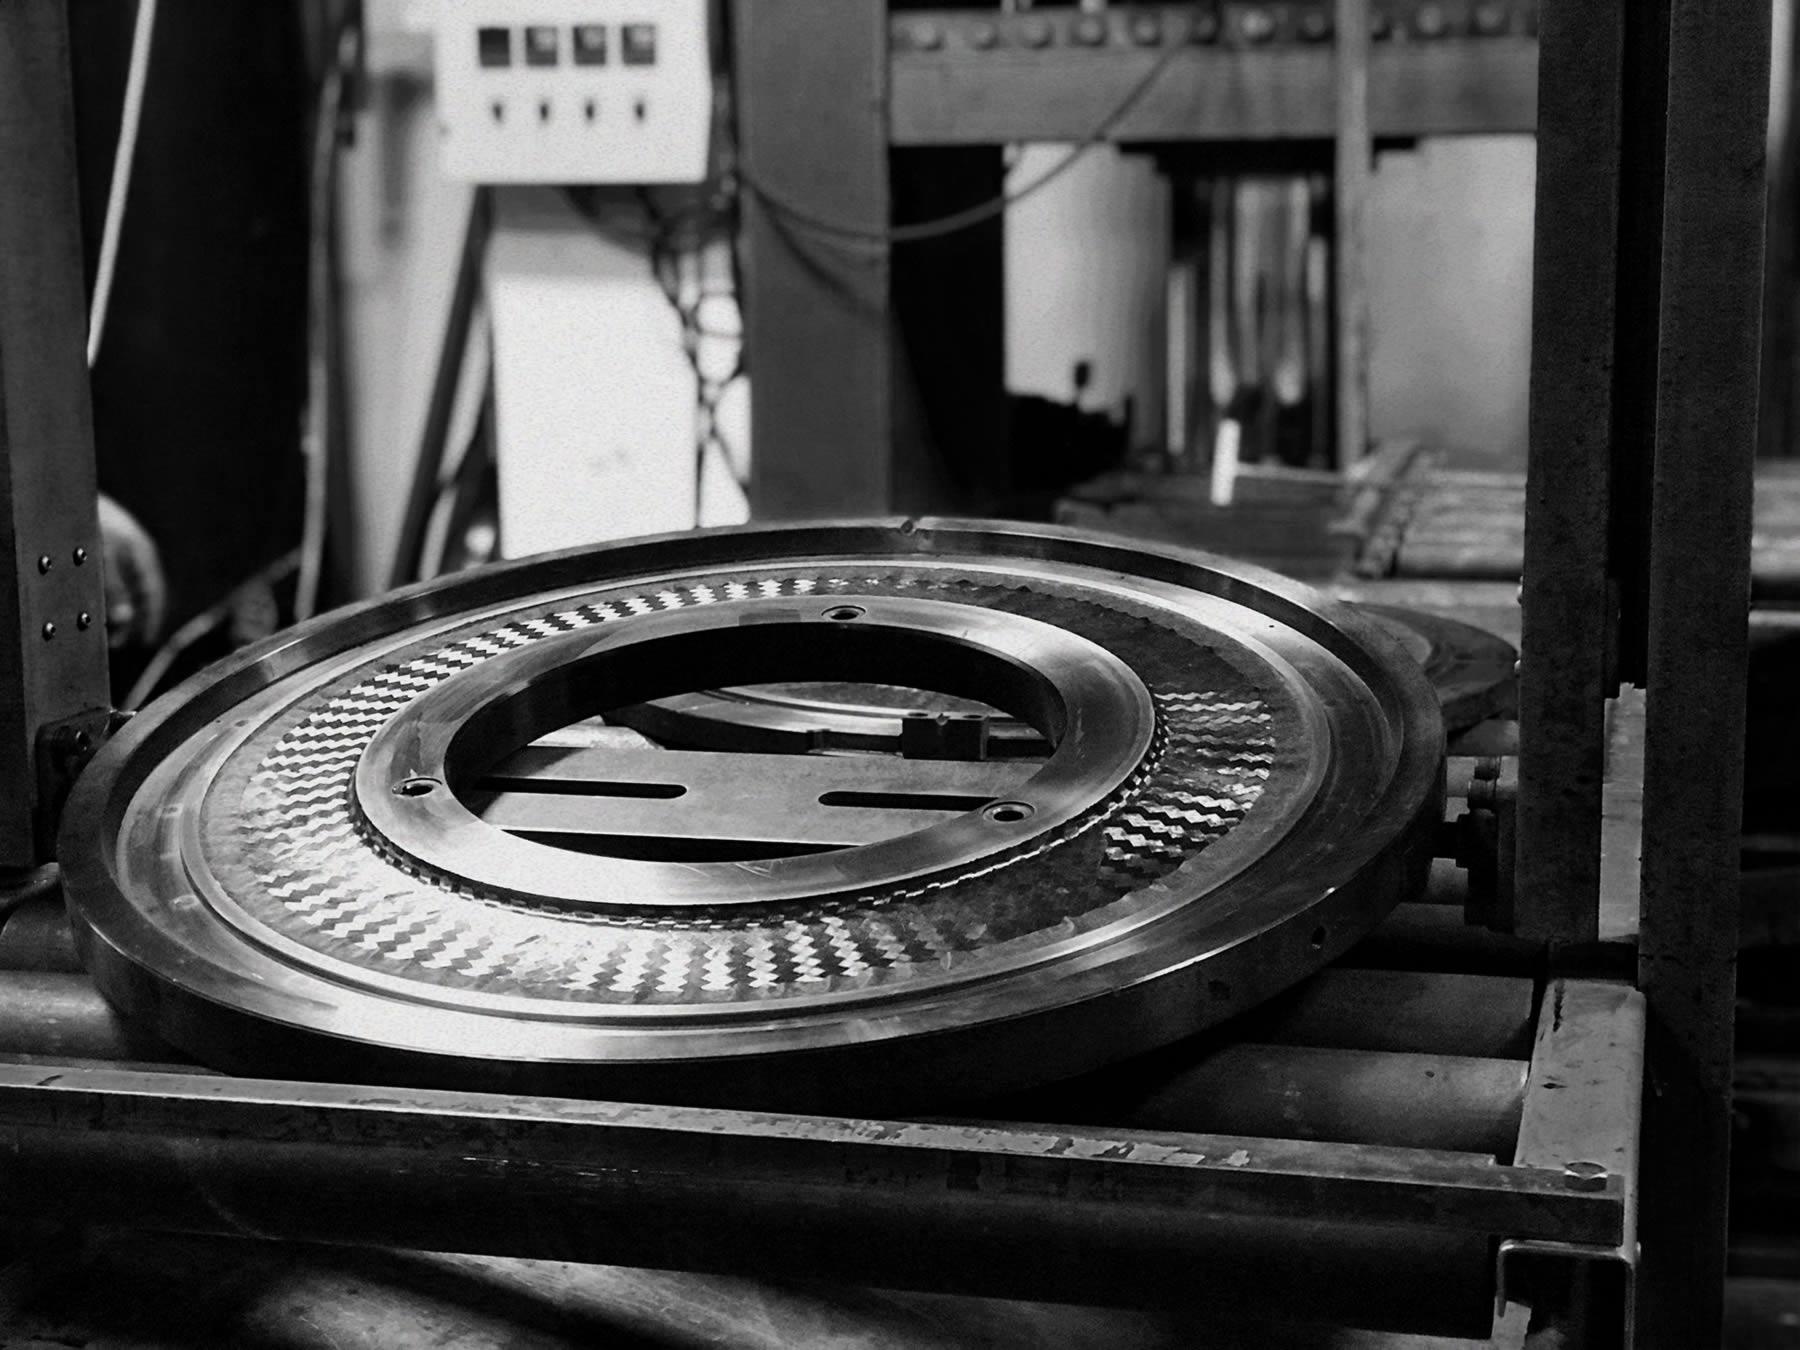 Carbon Wheels Rim Technology
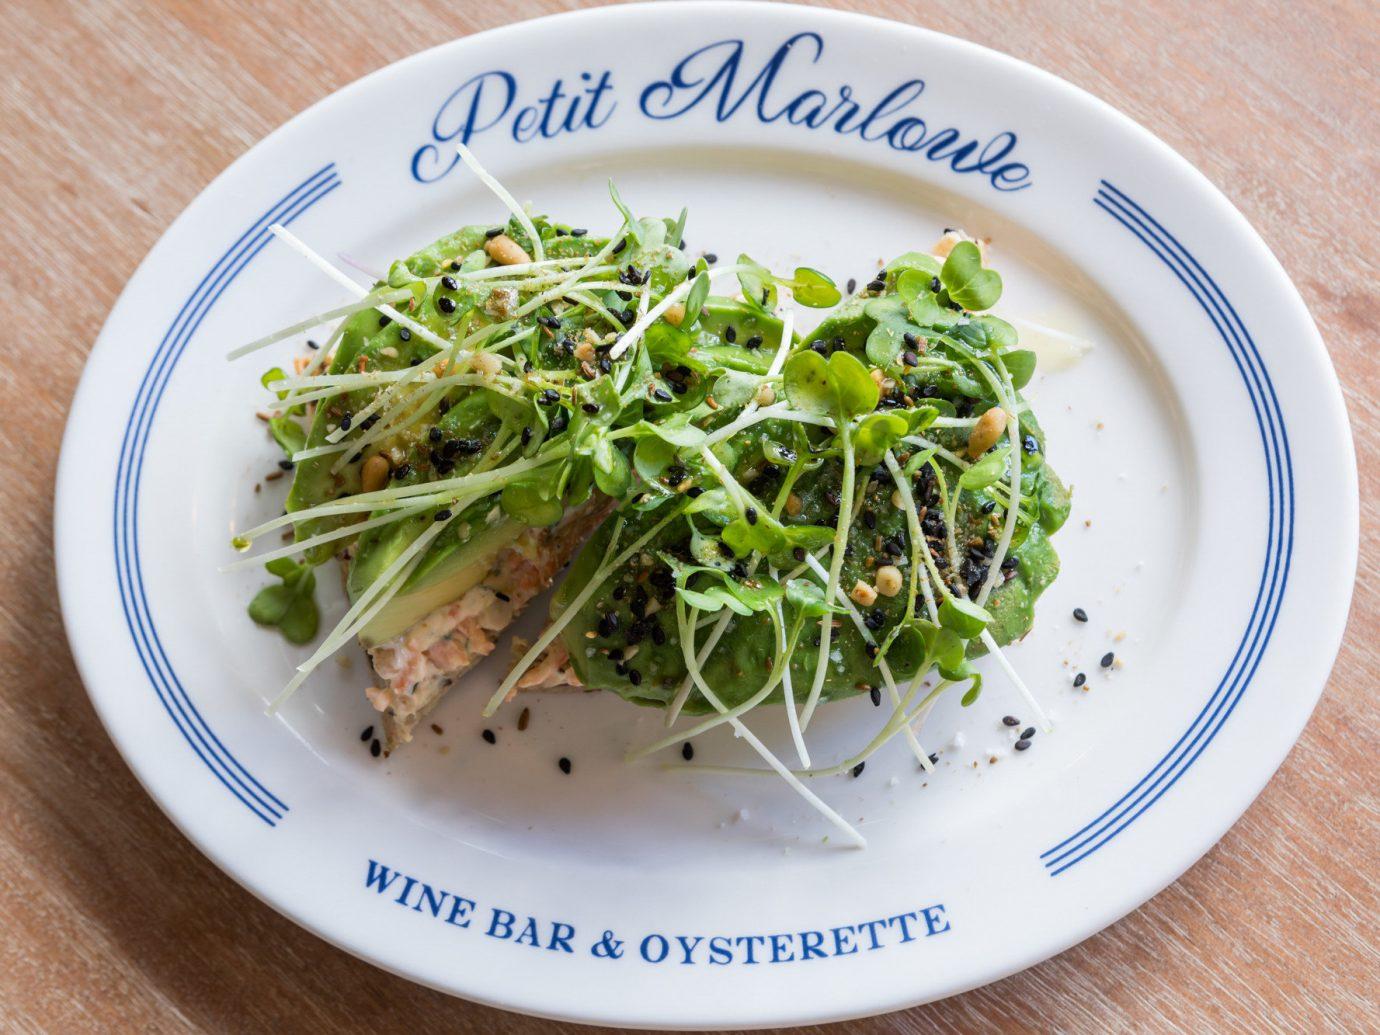 Food + Drink Travel Tips plate table food dish vegetarian food salad vegetable leaf vegetable recipe
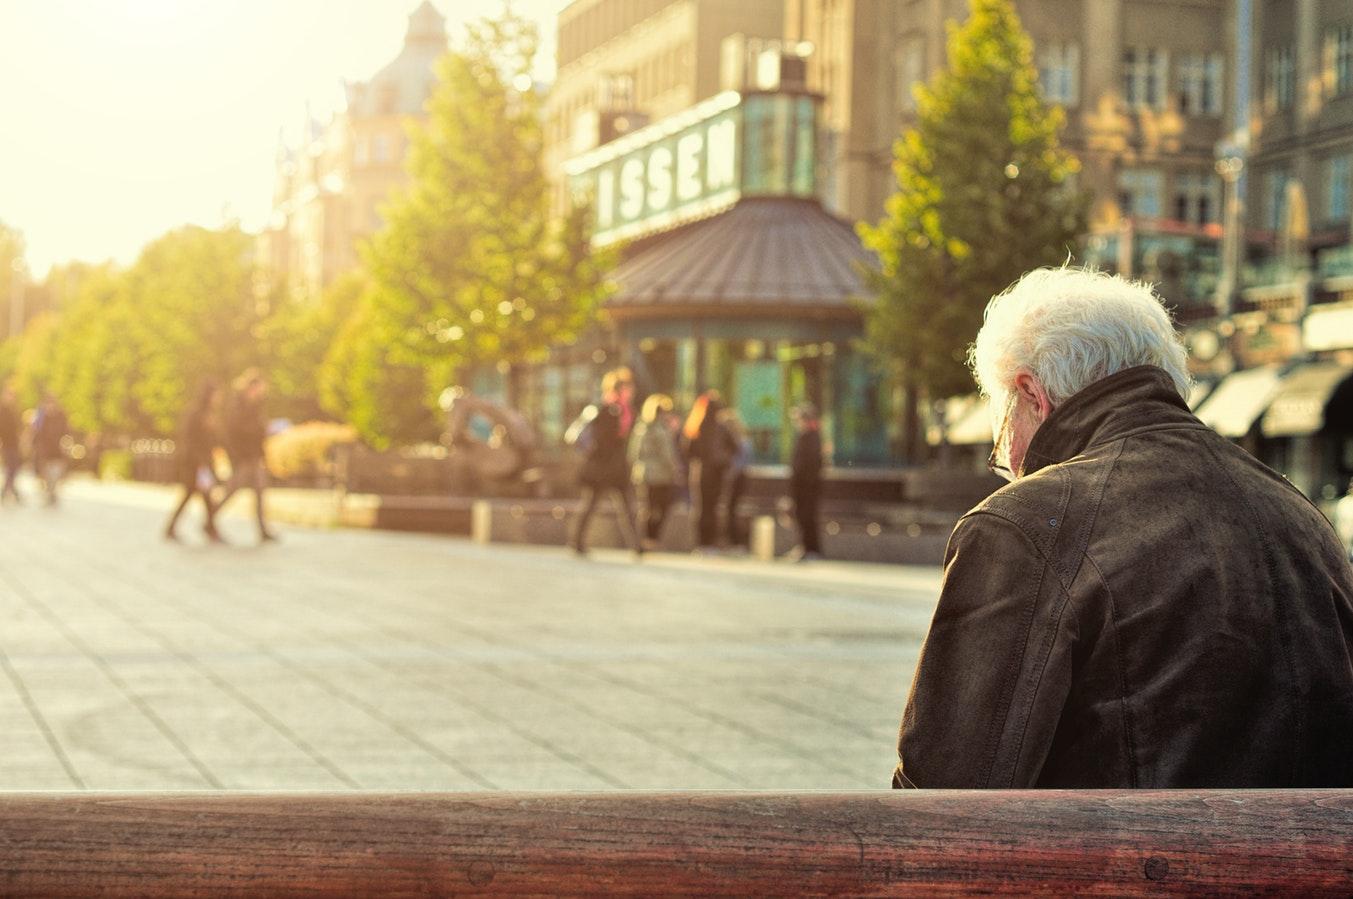 An older gentleman sitting alone on an outdoor bench.
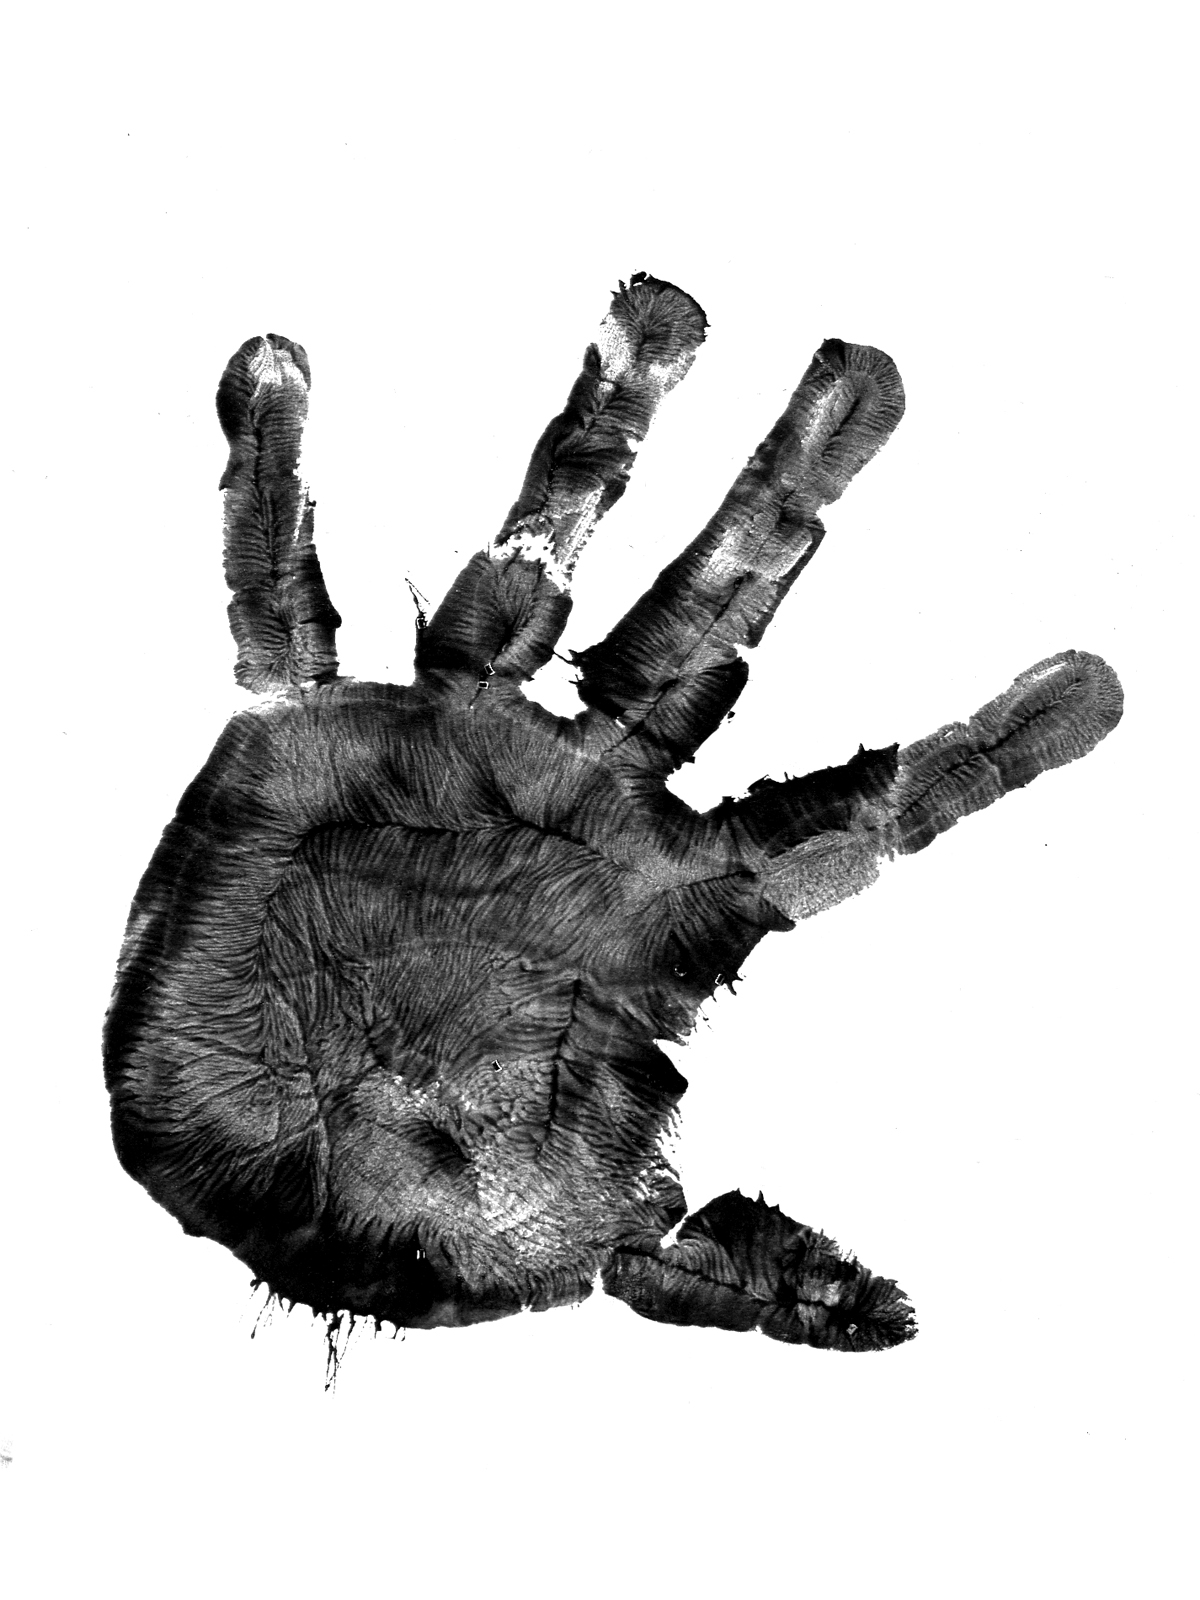 image after image handprint paint fingerprint print finger print

======

**WHAT THE TASK ASKS:** Leave every picture out and set down exactly the lines running from the one with "An older gentleman" to the last line of the material above.

**WRITTEN REPLY:**
 An older gentleman sitting alone on an outdoor bench.
 image after image handprint paint fingerprint print finger print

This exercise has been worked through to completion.